In [None]:
import pandas as pd
from sklearn.preprocessing import StandardScaler
from sklearn.cluster import KMeans
from sklearn.metrics import silhouette_score
from sklearn.decomposition import PCA
import matplotlib.pyplot as plt
import seaborn as sns
from scipy.cluster.hierarchy import linkage, dendrogram
from sklearn.preprocessing import LabelEncoder, OneHotEncoder
from category_encoders import BinaryEncoder, TargetEncoder
from sklearn.feature_extraction import FeatureHasher
from kmodes.kprototypes import KPrototypes
import plotly.express as px


In [None]:
ratings = pd.read_csv('../datasets/ml-100k/u.data', 
                      sep='\t', 
                      names=['user_id', 'item_id', 'rating', 'timestamp'])
ratings = ratings.drop(columns='timestamp')

user_item_dense = ratings.pivot(
    index='user_id',
    columns='item_id',
    values='rating'
).fillna(0)

In [None]:
user = pd.read_csv('../datasets/ml-100k/u.user', 
                      sep='|', 
                      names=['user_id', 'age', 'gender', 'occupation', 'zip_code'])
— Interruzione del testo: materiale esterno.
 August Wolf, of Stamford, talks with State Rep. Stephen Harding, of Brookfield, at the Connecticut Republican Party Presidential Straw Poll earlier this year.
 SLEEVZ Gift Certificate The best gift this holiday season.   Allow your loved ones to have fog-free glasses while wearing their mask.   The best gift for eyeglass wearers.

merged = user.merge(user_item_dense, on='user_id')

user

In [None]:
# K-PROTOTYPE
le_gender = LabelEncoder()
le_occ    = LabelEncoder()
le_zip    = LabelEncoder()

user['gender_le']     = le_gender.fit_transform(user['gender'])
user['occupation_le'] = le_occ.fit_transform(user['occupation'])
user['zip_le']        = le_zip.fit_transform(user['zip_code'])


matrix = user[['age', 'zip_le', 'gender_le', 'occupation_le']].to_numpy()


In [None]:
matrix

In [None]:
sil_scores = {}
range_n_clusters = range(2, 11)  # prova da 2 a 10 cluster

for k in range_n_clusters:
    # fit k‑Prototypes
    kp = KPrototypes(n_clusters=k, init='Cao', verbose=0, random_state=42)
    labels = kp.fit_predict(matrix, categorical=[1, 2, 3])
    # silhouette score (usiamo distanza euclidea sulla matrice numerica codificata)
    score = silhouette_score(matrix, labels, metric='euclidean')
    sil_scores[k] = score
    print(f"k = {k} → silhouette score = {score:.4f}")

# Trova il k con il silhouette migliore
best_k = max(sil_scores, key=sil_scores.get)
best_score = sil_scores[best_k]
print(f"\nNumero ottimale di cluster: k = {best_k} (silhouette = {best_score:.4f})")

In [None]:
kp = KPrototypes(n_clusters=best_k, init='Cao', verbose=1, random_state=42)
clusters = kp.fit_predict(matrix, categorical=[1, 2, 3])  # zip_code, gender, occupation
user['cluster_kp'] = clusters

In [None]:
# 5. Riduzione a 3 dimensioni (PCA) per la visualizzazione
pca = PCA(n_components=3)
coords_3d = pca.fit_transform(matrix)
df_plot = pd.DataFrame(coords_3d, columns=['PC1', 'PC2', 'PC3'])
df_plot['cluster'] = clusters.astype(str)

In [None]:
# 6. Grafico 3D interattivo con Plotly
fig = px.scatter_3d(
    df_plot,
    x='PC1', y='PC2', z='PC3',
    color='cluster',
    title='Visualizzazione 3D interattiva dei cluster k‑Prototypes',
    labels={'cluster': 'Cluster'}
)
fig.update_traces(marker=dict(size=4))
fig.show()